Brazilian footballer

Igor Neves Alves (born 13 March 1999) is a Brazilian professional footballer who plays as a forward.

==Career==
A native of Paraná state, Brazil, Neves is a product of several Brazilian football academies including Athletico Paranaense, Trieste Futebol Clube, and Criciúma.

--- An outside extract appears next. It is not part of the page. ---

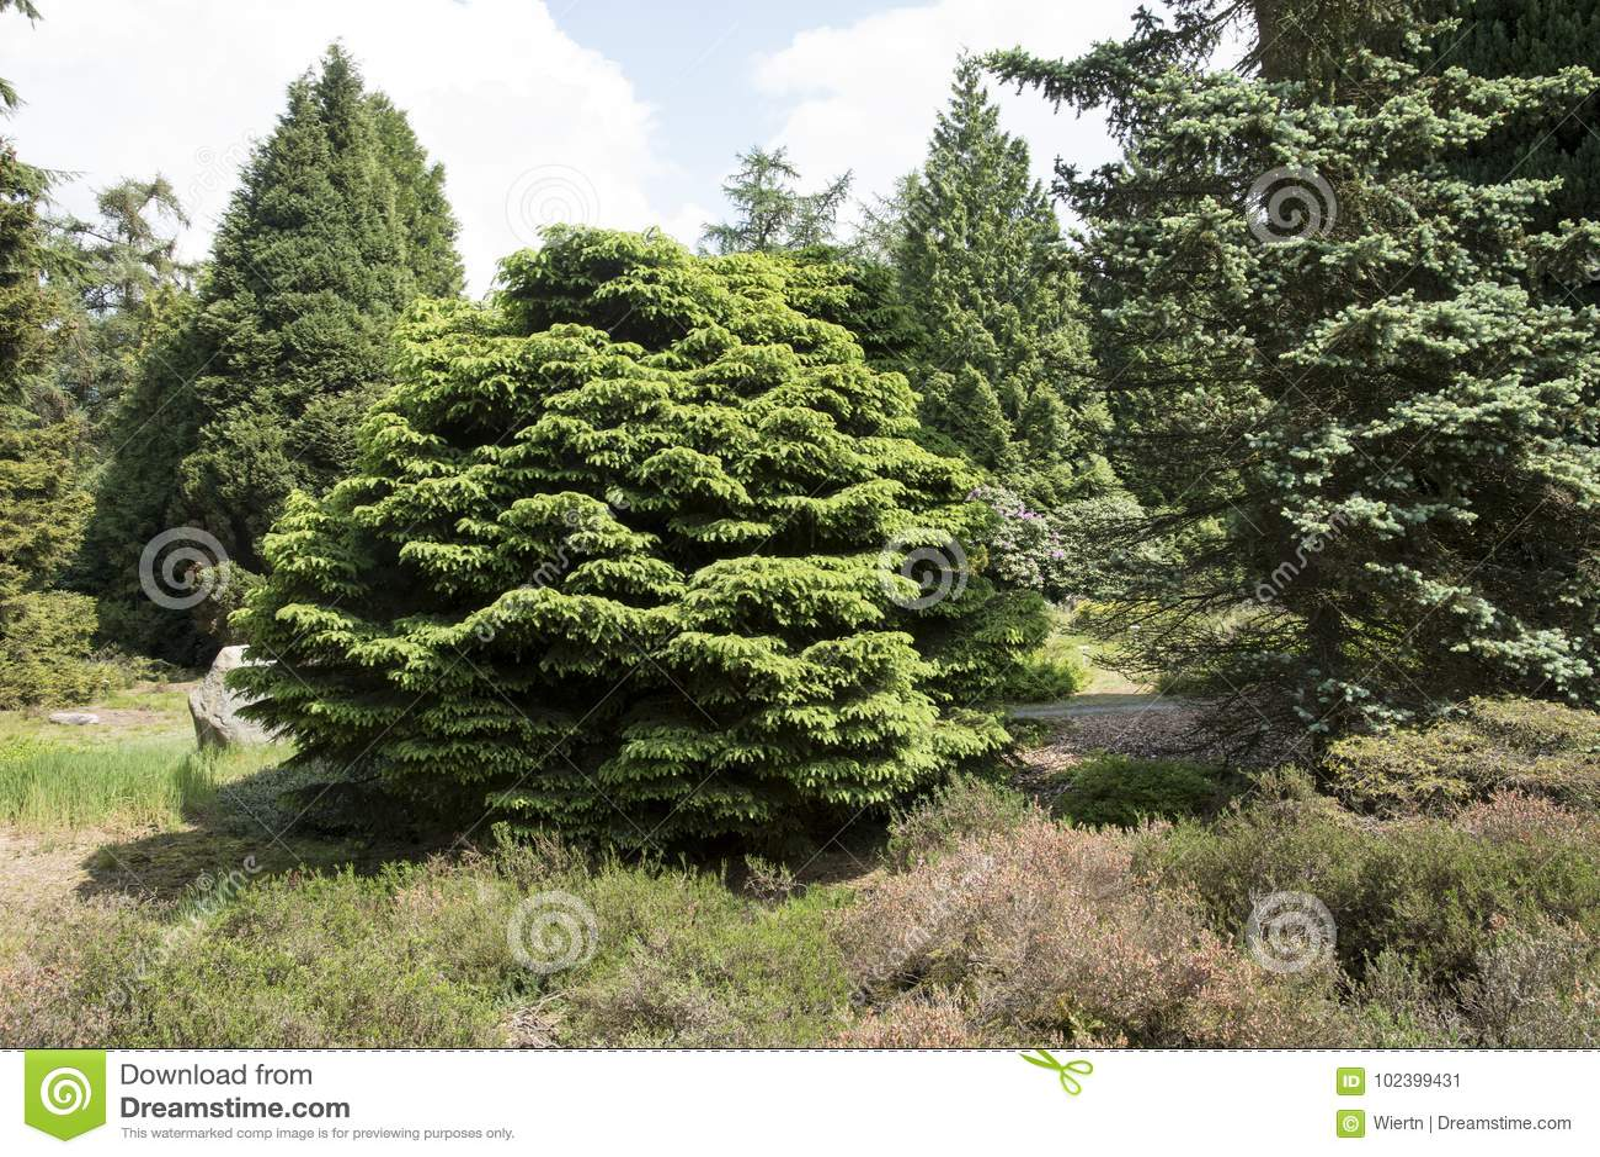 Picea Abies Pumila Nigra Stock Image Image Of Evergreen 102399431

In 2019 he went abroad to Mexico joining Atlético Reynosa playing in the Mexican Serie A, but after a season left the club as it dissolved in 2020. Neves stayed in the country and signed with Cancun where he played couple of seasons, about a year. In 2021 Neves moved to Nicaragua and later to the United Arab Emirates.

In 2023 Neves signed with Ukrainian Karpaty Lviv playing in the second tier. During the 2023–24 season he was selected as a player of the Round and Ukrainian internet media SportArena made an interview with him about the current season and his adaptation in the club.